One key to earning the cooperation of users was to show them the benefits of the new way of doing things. A single grid interface to the resources of multiple sites offers several advantages in convenience and simplicity. Security procedures become easier for users to manage. When users submit jobs using the Resource Specification Language from the Globus Toolkit, they no longer are forced to use different submission formats for different systems. At runtime, the HotPage facilitates bandwidth monitoring, resource discovery, and status monitoring with its interfaces to the Globus monitoring service and the Network Weather Service. DataCutter and the Storage Resource Broker give users new distributed data analysis and management capabilities.

"The grid doesn't allow you to subvert the regular NRAC [National Resource Allocations Committee] allocation process," McGee said. "Let's say I'm a geoscientist in Colorado, and I have allocations on the various NPACI resources. One important feature that the grid layer provides is single sign-on to all components of the NPACI grid that I have allocations for. Each of the four NPACI sites has its own security procedures and mechanism, but using grid technology, you can issue a single command, grid-proxy-init, to access any of the systems. It's all about GSI, GridSecurity Infrastructure, which is embedded and enabled by many of these applications-Globus, SRB, GSI-OpenSSH, DataCutter, MyProxy. For the most part, GSI cuts across all these applications."

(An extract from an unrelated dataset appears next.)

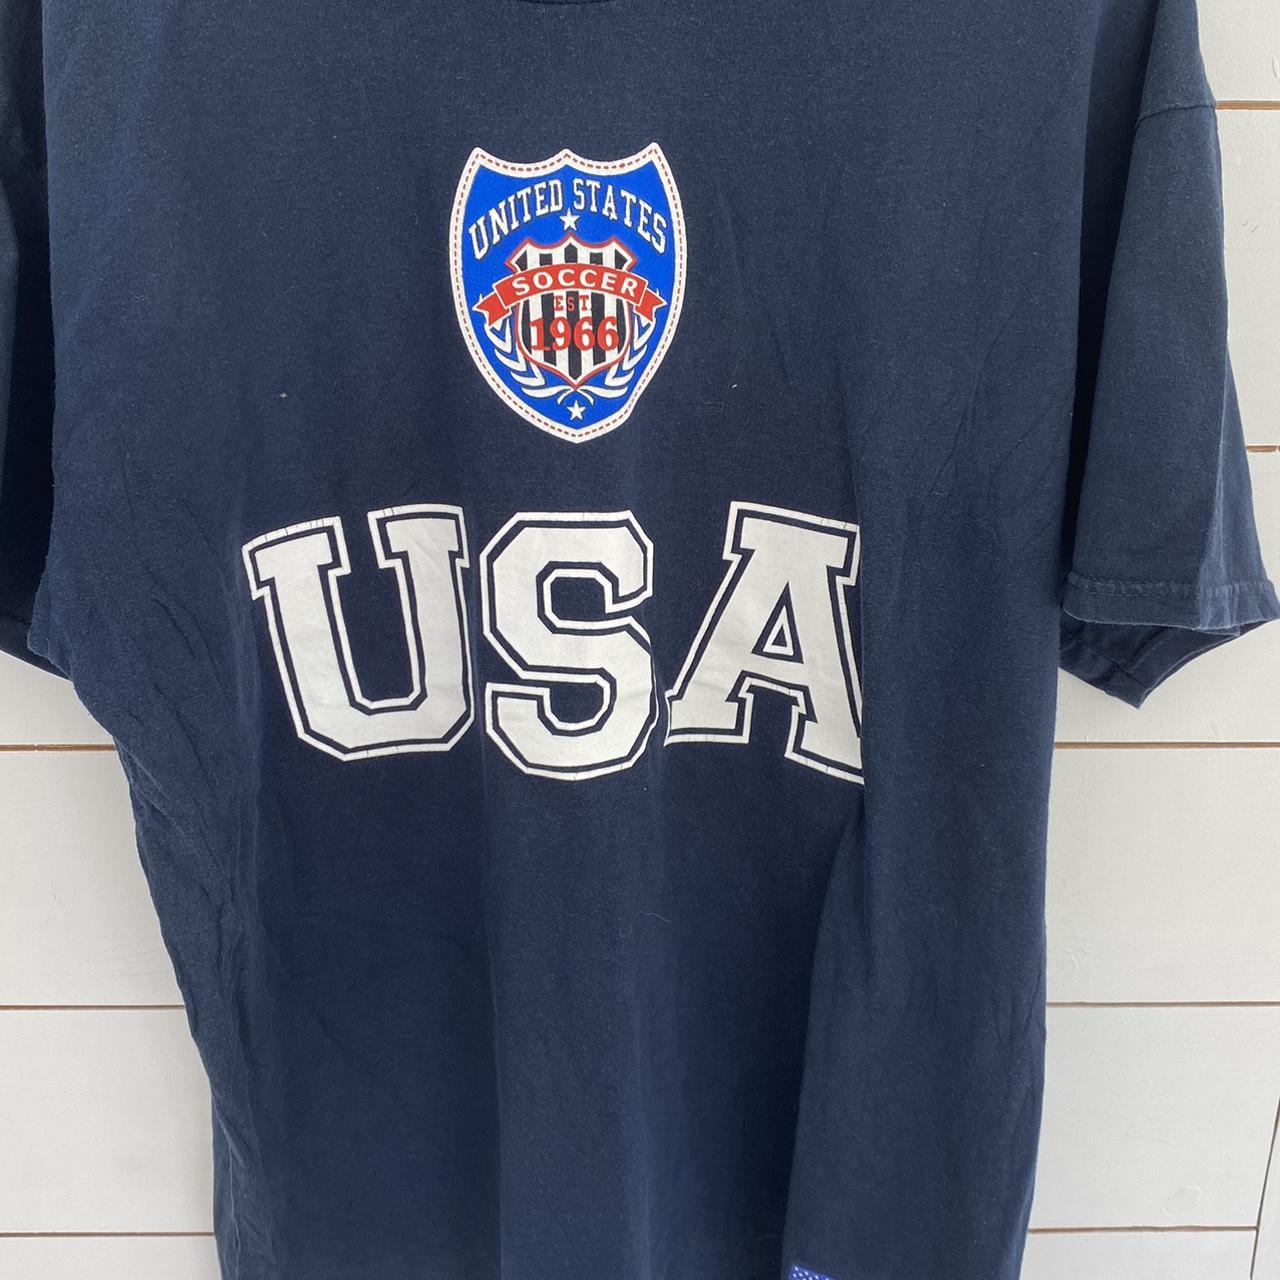 Vintage Tshirt USA Brand: unknown Size:... - Depop

"All these tools and security advantages make the grid accessible to the scientific and engineering community," said Shannon Whitmore, a grid user support specialist at SDSC. "What's really exciting is the potential provided by the additional compute, memory, and network resources. The NPACI Grid enables scientists to run larger jobs than could be run at a single site. Research teams can access more powerful computers for large jobs while running smaller jobs on their local clusters. Loosely coupled jobs can be distributed across grid resources concurrently, to produce results much faster than on a single resource."

"We managed to accomplish a smooth transition with the APST [AppLeS parameter sweep template] project, for two applications: MCell and the Encyclopedia of Life [EOL]," Casanova said. "APST, which is a component of NPACKage, provides a simple way to deploy and run large-scale parameter sweep applications, which arise in virtually every field of science and engineering. MCell users first were able to use APST on their local clusters, slowly getting used to it without making a huge leap to grid computing. Once they had learned how to use it'and provided us with useful feedback-it became easy to, little by little, aggregate more and more resources to scale up to a grid-wide deployment spanning multiple institutions. This is exactly the kind of process that will lead many users to adopt the NPACI Grid. We're planning a very large MCell run on the entire NPACI Grid this fall. Similarly, EOL has adopted APST as the intermediate layer between the application and the grid infrastructure."

There are many projects trying to achieve these goals of easily interfacing users and applications to the grid infrastructure. Such tools will be fundamental for the NPACI Grid, and several of them are being developed by SDSC (including APST, SRB, Grid Portals). The NPACI Grid is ideally suited for successful interaction with user communities. "We have tight links to these communities, and we've been developing grid application-level tools for a while," Casanova said.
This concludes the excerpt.